De Defectu Oraculorum

Plutarch

Plutarch. Moralia, Vol. V. Babbitt, Frank Cole, translator. Cambridge, MA: Harvard University Press; London: William Heinemann Ltd., 1936 (printing).

I think, then, that the exhalation is not in the same state all the time, but that it has recurrent periods of weakness and strength. Of the proof on which I depend I have as witnesses many foreigners and all the officials and servants at the shrine. It is a fact that the room in which they seat those who would consult the god is filled, not frequently or with any regularity, but as it may chance from time to time, with a delightful fragrance coming on a current of air which bears it towards the worshippers, as if its source were in the holy of holies; and it is like the odour which the most exquisite and costly perfumes send forth. It is likely that this efflorescence is produced by warmth or some other force engendered there. If this does not seem credible, you will at least all agree that the prophetic priestess herself is subjected to differing influences, varying from time to time, which affect that, part of her soul with which the spirit of inspiration comes into association, and that she

v.5.p.497
does not always keep one temperament, like a perfect concord, unchanged on every occasion. For many annoyances and disturbances of which she is conscious, and many more unpereeived, lay hold upon her body and filter into her soul; and whenever she is replete with these, it is better that she should not go there and surrender herself to the control of the god, when she is not completely unhampered (as if she were a musical instrument, well strung and well tuned), but is in a state of emotion and instability. Wine, for example, does not always produce the same state of intoxication in the toper,[*](Cf. 406 b, supra.) nor the music of the flute the same state of exaltation in the votary; but the same persons are roused now to less, now to more, extravagant conduct by the Bacchic revels or stimulated by the wine, as the temperament within them becomes different. But especially does the imaginative faculty of the soul seem to be swayed by the alterations in the body, and to change as the body changes, a fact which is clearly shown in dreams; for at one time we find ourselves beset in our dreams by a multitude of visions of all sorts, and at another time again there comes a complete calmness and rest free from all such fancies.
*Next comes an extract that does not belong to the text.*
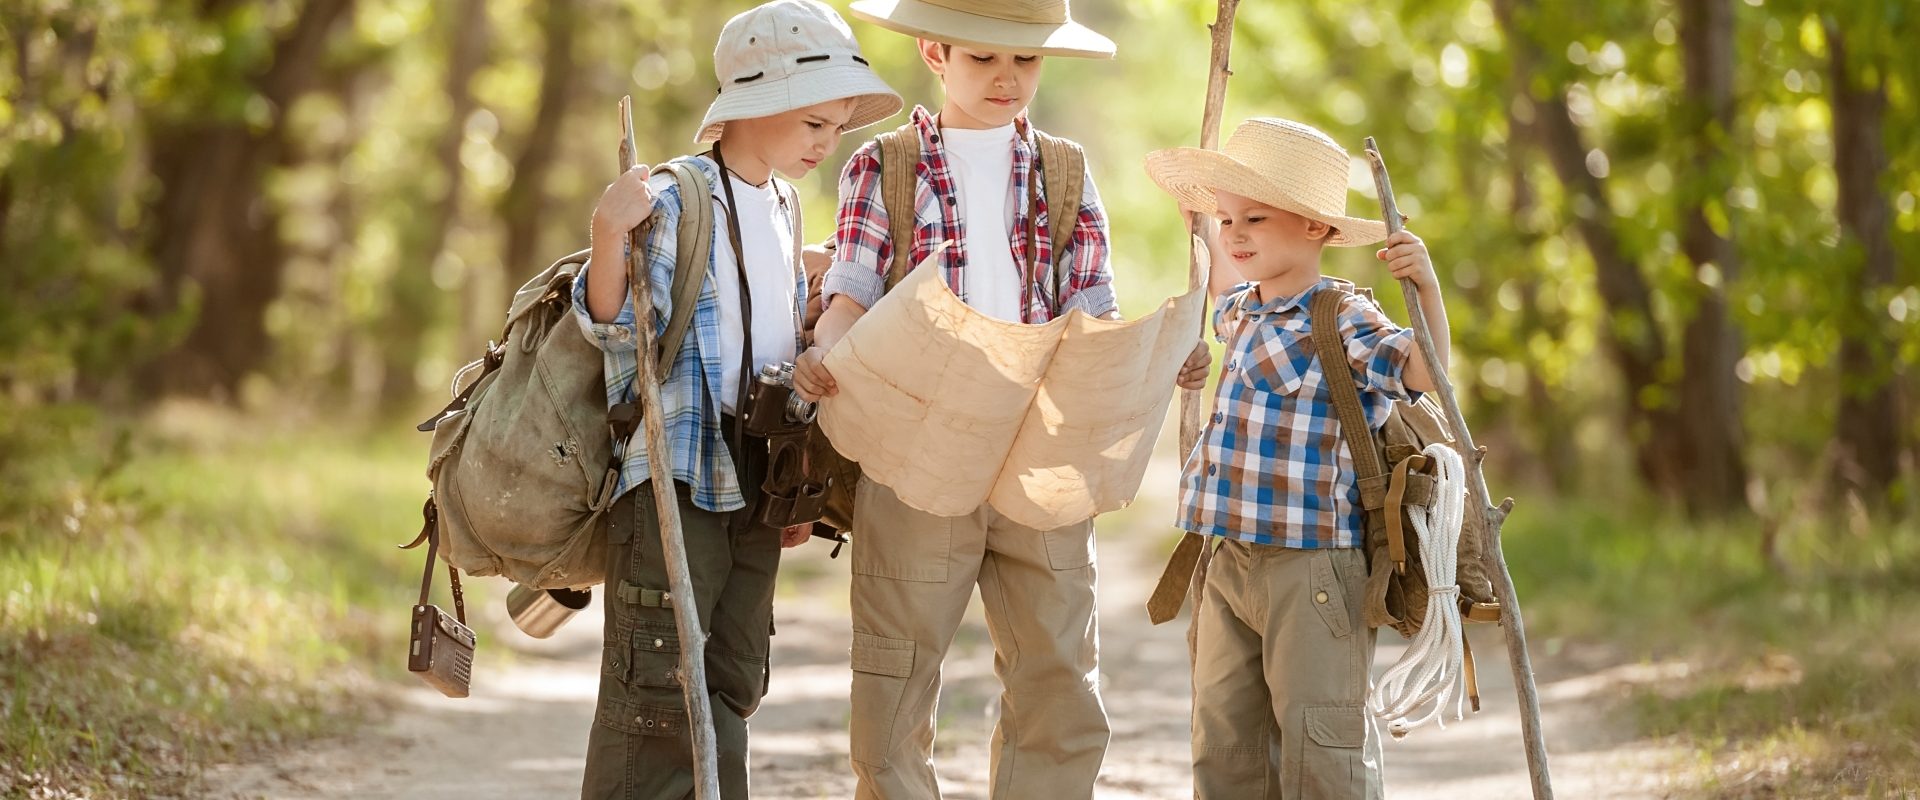 Jak nie zgubić się w lesie opowiada Adam Wajrak. Trzech małych chłopców ubranych jak podróżnicy patrzy na mapę i szuka drogi w lesie.

We ourselves know of Cleon here from Daulia and that he asserts that in all the many years he has lived he has never had a dream; and among the older men the same thing is told of Thrasymedes of Heraea. The cause of this is the temperament of the body, just as that of persons who are prone to melancholy, at the other extreme, is subject to a multitude of dreams and visions; wherefore they have the repute of possessing the faculty of dreaming straight; for since they turn now to this
and now to that in their imagery, like persons who shoot many arrows, they often manage to hit the mark.